Title:  Sr. Manager - FRD Non-Orals

Key Responsibilities:

Technical Expertise:

• Provide technical guidance in formulation design, process optimization, and characterization of liposomal drug products.

• Solve complex formulation and manufacturing challenges using a science-driven approach.

• Ensure adherence to global regulatory requirements (e.g., FDA, EMA) for liposomal generics.

Strategic Leadership:

• Lead and manage R&D projects focused on liposomal formulations, ensuring alignment with organizational goals.

• Develop strategies for the design, development, scale-up, and commercialization of complex generics, including liposomes.

• Collaborate with cross-functional teams, including Regulatory Affairs, Quality Assurance, Manufacturing, and Marketing, to ensure project success.

Project Management:

• Manage multiple R&D projects with accountability for timelines, budgets, and resource allocation.

• Oversee technology transfer from R&D to manufacturing, ensuring robust and scalable processes.

• Track progress against key milestones and provide updates to senior management.

Regulatory and Compliance:

• Support the preparation of ANDA submissions for complex generics, including authoring and reviewing Module 3 documentation.

• Ensure compliance with cGMP, GLP, and other applicable regulations during development activities.

Team Development:

• Mentor and develop a high-performing R&D team with expertise in complex drug delivery systems.

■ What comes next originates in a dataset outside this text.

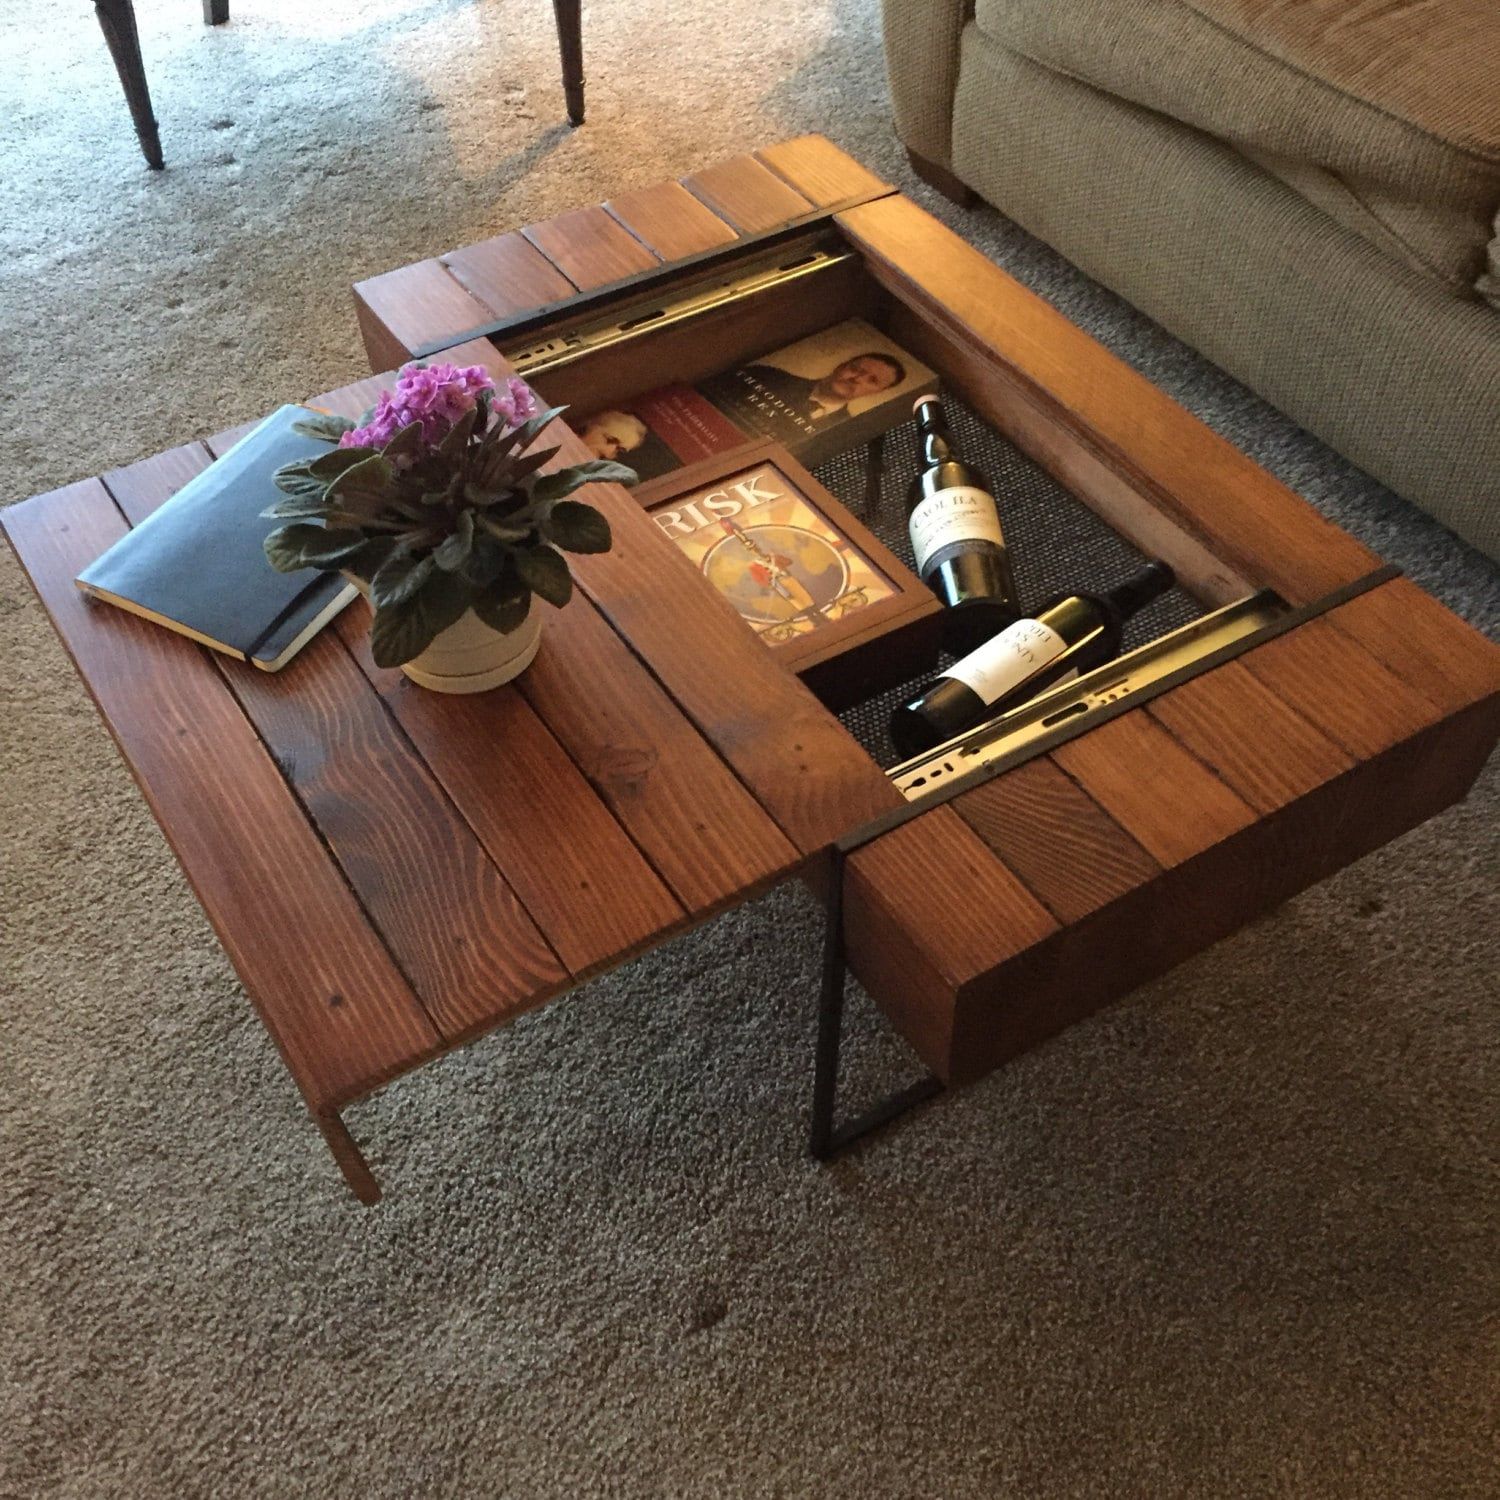 Block Coffee Table With Hidden Storage Intended For Modern Coffee Tables With Hidden Storage Compartments (View 9 of 15)

• Foster a culture of innovation, collaboration, and continuous learning.

Qualifications:

• PhD/MS in Pharmaceutical Sciences, Chemistry, Chemical Engineering, or related fields.

Experience:

• Minimum of 14-17 years of experience in R&D for complex generics, with at least 5 years focused on liposomal formulations.

• Demonstrated experience in developing and commercializing liposomal drug delivery systems.

• Proven track record of successful ANDA filings for complex generics.

Skills & Competencies:

• Deep understanding of liposomal technology, including formulation, characterization, and analytical techniques.

• Strong knowledge of global regulatory guidelines and quality standards for complex generics.

• Excellent project management, problem-solving, and decision-making skills.

• Strong leadership, communication, and interpersonal abilities.

Key Performance Indicators (KPIs):

• Successful completion of R&D milestones within defined timelines and budgets.

• Number of successful ANDA submissions and approvals for liposomal generics.

• Efficiency of technology transfer processes to manufacturing.

• Development of innovative formulations and cost-effective processes.